At September 30, 2018 the Company will once again to be subject to covenants with the EBRD. Future compliance with the covenants will be dependent on the performance of the gas facility and wells in Romania, the ability to enhance production in Tunisia, by re-opening the Chouech Es Saida field and/or undertaking planned capital work in the Sabria field in a timely manner, and commodity prices. The performance of Romanian wells is dependent on the commissioning process at the plant and the downtime required once the units are delivered.

Internally prepared forecast models indicate probable non-compliance with covenants in future quarters given the impact of delays in operating cash flows from Romania and Tunisia.

At June 30, 2018, given the probable breach of covenants, the debt may become payable on demand which causes a material uncertainty that may cast significant doubt with respect to the ability of the Company to continue as a going concern. The Company's ability to continue as a going concern is dependent on its ability to generate future cash flows from operations to meet its upcoming covenant requirements.
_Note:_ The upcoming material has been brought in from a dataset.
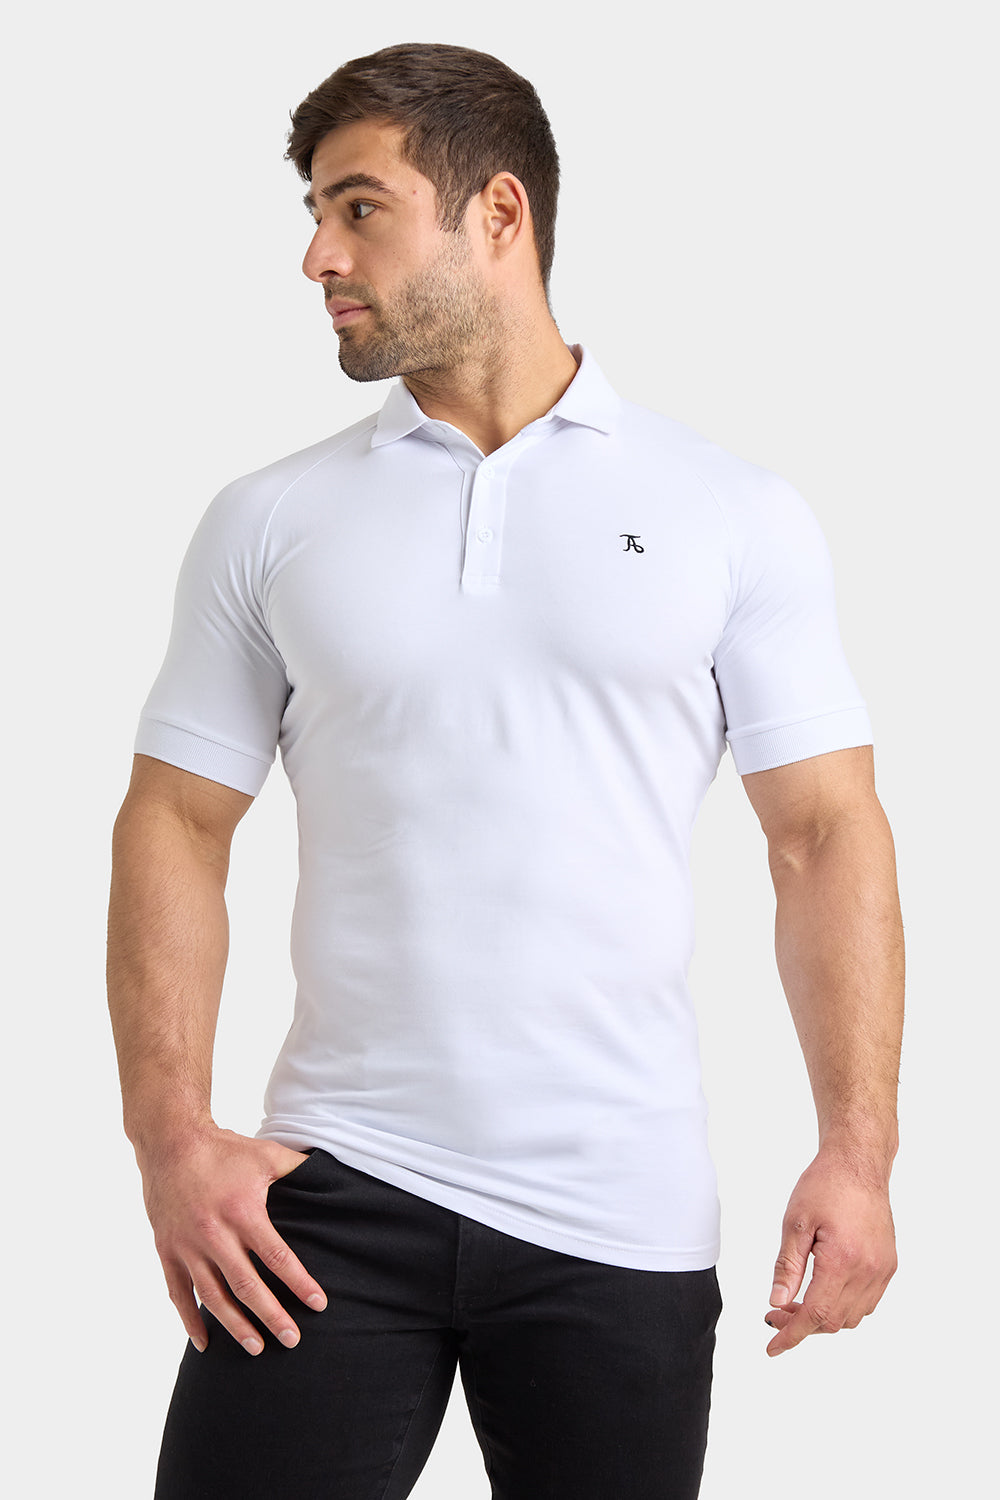 Muscle Fit Polo Shirt in White - TAILORED ATHLETE - ROW

To ensure security and the preservation of capital, the Company's investment policy for cash that is surplus to immediate requirements is to invest such funds in instruments issued by major banks that are rated "triple A", or its equivalent by independent rating agencies.

Working capital

Serinus uses working capital as a key performance indicator to measure the Company's current assets less current liabilities to assist management in understanding Serinus' liquidity relative to current market conditions and as an analytical tool to benchmark changes against prior periods. Working capital is not a standard measure under IFRS and therefore may not be comparable to similar measures reported by other entities. See section titled "Non-IFRS Financial Measures" for advisory over the use of non-IFRS financial measures. The following table shows the reconciliation of working capital to its most closely related IFRS measure current assets and liabilities:

($000)

 

 

June 30, 2018

December 31, 2017

Current assets

 

 

$         15,384

$         15,393

Current liabilities

 

 

(17,210)

(21,960)

Working capital (deficit)

 

 

$          (1,826)

$          (6,567)

At June 30, 2018, the working capital deficit was $1.8 million, as compared to $6.6 million at December 31, 2017. At June 30, 2018, current liabilities of $17.2 million decreased by $4.8 million compared to $22.0 million at December 31, 2017. The improvement in the working capital is due to a decrease in accounts payable of $6.0 million and a decrease in tax payable of $1.1 million, partially offset by the reclass of $2.8 million of debt to current as is due to be repaid in March 2019.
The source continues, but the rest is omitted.